Idiopathic ventricular tachycardias (VTs) typically occur in the absence of structural heart disease and can originate from multiple anatomic regions, including the left and right ventricular outflow tracts (OTs), the left fascicular system, the mitral and tricuspid annuli, and the papillary muscles, or they can develop perivascularly in the epicardial space. More than half of all idiopathic VTs originate from the OTs, and of these, approximately 80% originate from the right ventricular outflow tract (RVOT).¹ The remainder originate from the left ventricular outflow tract (LVOT), which is located immediately posterior to the RVOT and includes the aortic sinuses of Valsalva, the ventricular myocardium just inferior to the aortic valve, the aortomitral continuity (AMC), the superior basal septum (ventricular summit), and the epicardial OT surface.^2–7 OT arrhythmias can present as isolated premature ventricular complexes (PVCs), as nonsustained VTs, or as sustained VTs.⁸ Symptoms of OT VTs vary widely and may include palpitations, presyncope, and syncope. Since the time that they were initially described, advances in our understanding of the mechanism and pathophysiology of OT VTs have been significant. This chapter reviews the anatomy, epidemiology, mechanisms, diagnosis, prognosis, and management of OT PVCs and VTs.

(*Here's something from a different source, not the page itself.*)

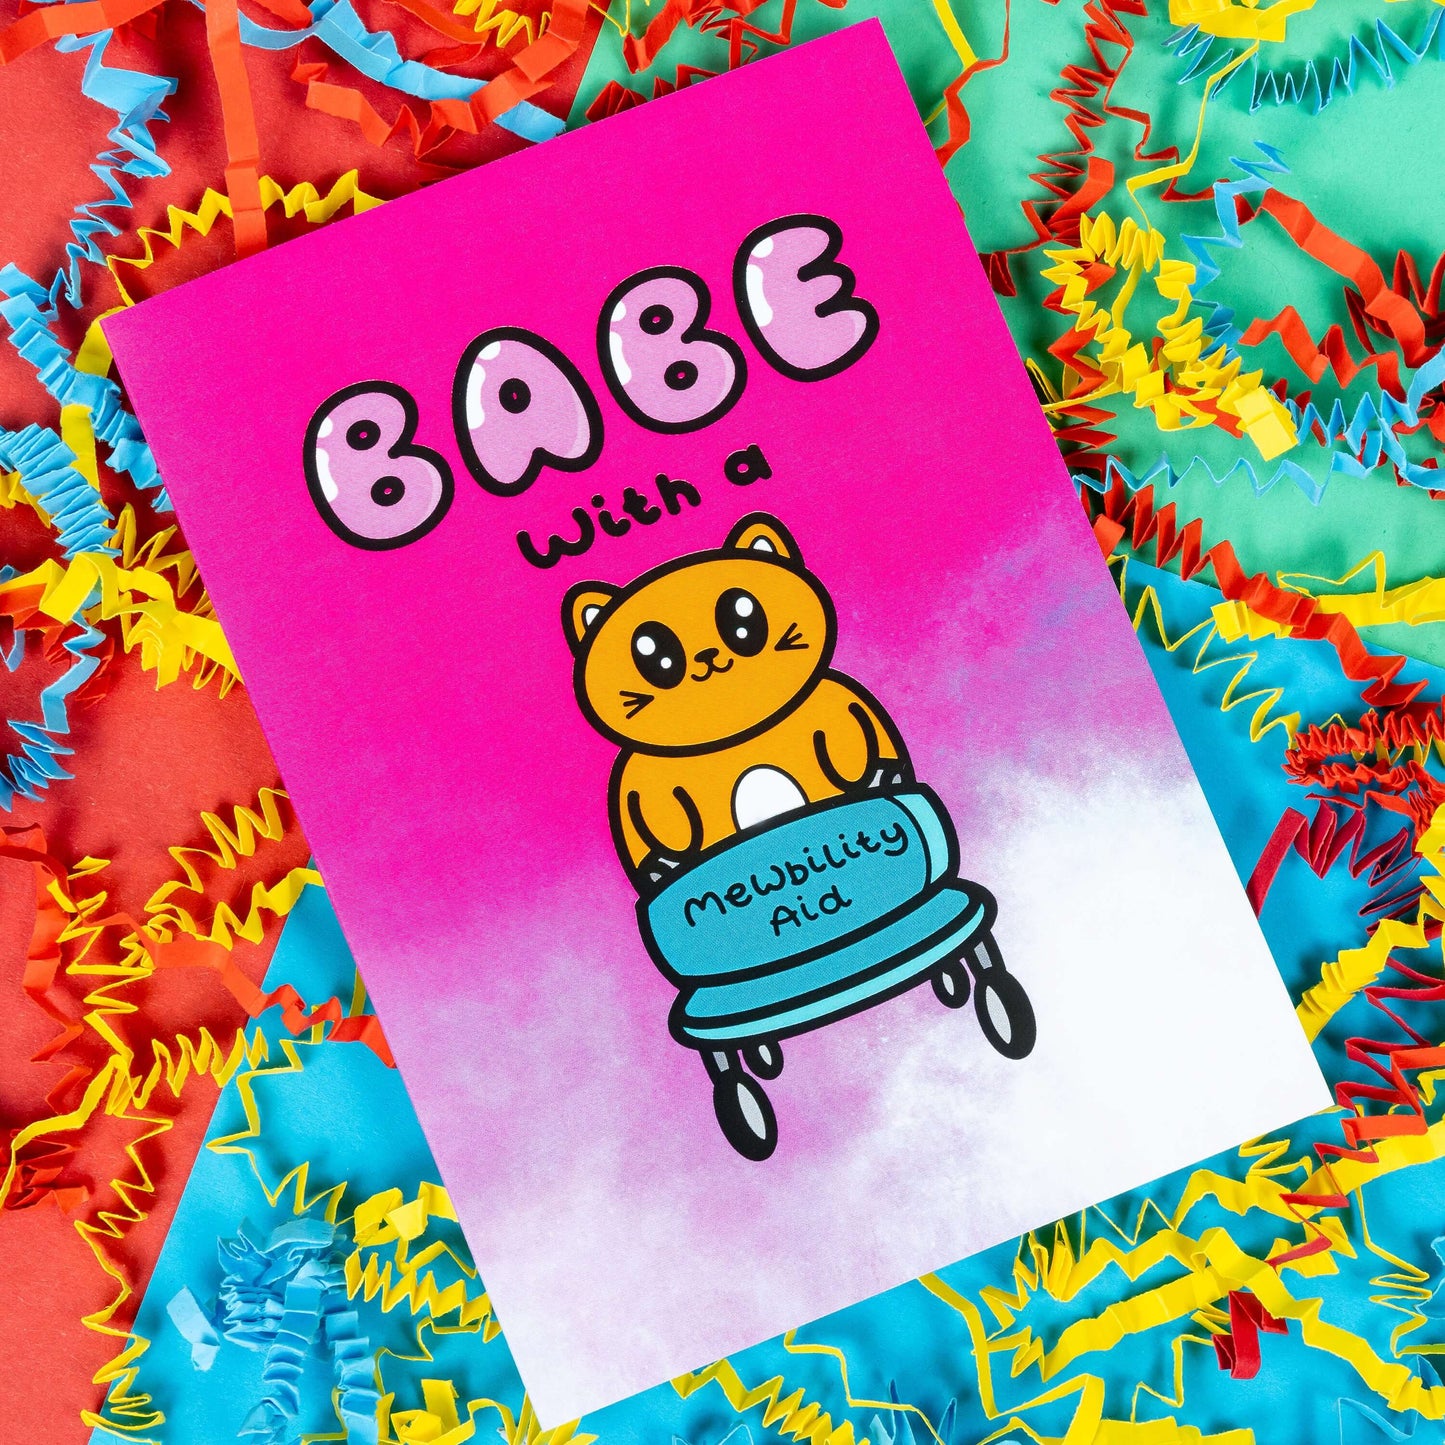 A hot pink and white gradient greeting card with a cute ginger cat holding a blue mobility aid. 'Babe with a mewbility aid' is written on the card. The background of the photo is colourful card confetti. Design inspired by disabilities and chronic illness.

The RVOT is generally divided into rightward (free wall), anterior, leftward (septal), and posterior portions (Figure 81-1).⁹ The RVOT courses anterior and leftward of the LVOT with the distal RVOT and pulmonic valve located leftward of the distal LVOT and aortic valve, respectively. The pulmonary valve is superior to the aortic valve, such that the posteroseptal RVOT is immediately anterior and adjacent to the aortic valve, specifically the right and left coronary cusps (RCCs and LCCs).⁹ Its inferior and most rightward portion is continuous with the tricuspid annulus and the interventricular septum, where the bundle of His and the proximal right bundle branch are located, whereas its most superior and leftward portion is above the anterior pulmonary valve leaflet (Figure 81-2). Although the RVOT is muscular throughout, it is relatively thin in the rightward, anterior, and subpulmonary valve portions, and it is thicker in the proximal posterior portion, where it is directly opposite the LVOT and the anterior interventricular septum.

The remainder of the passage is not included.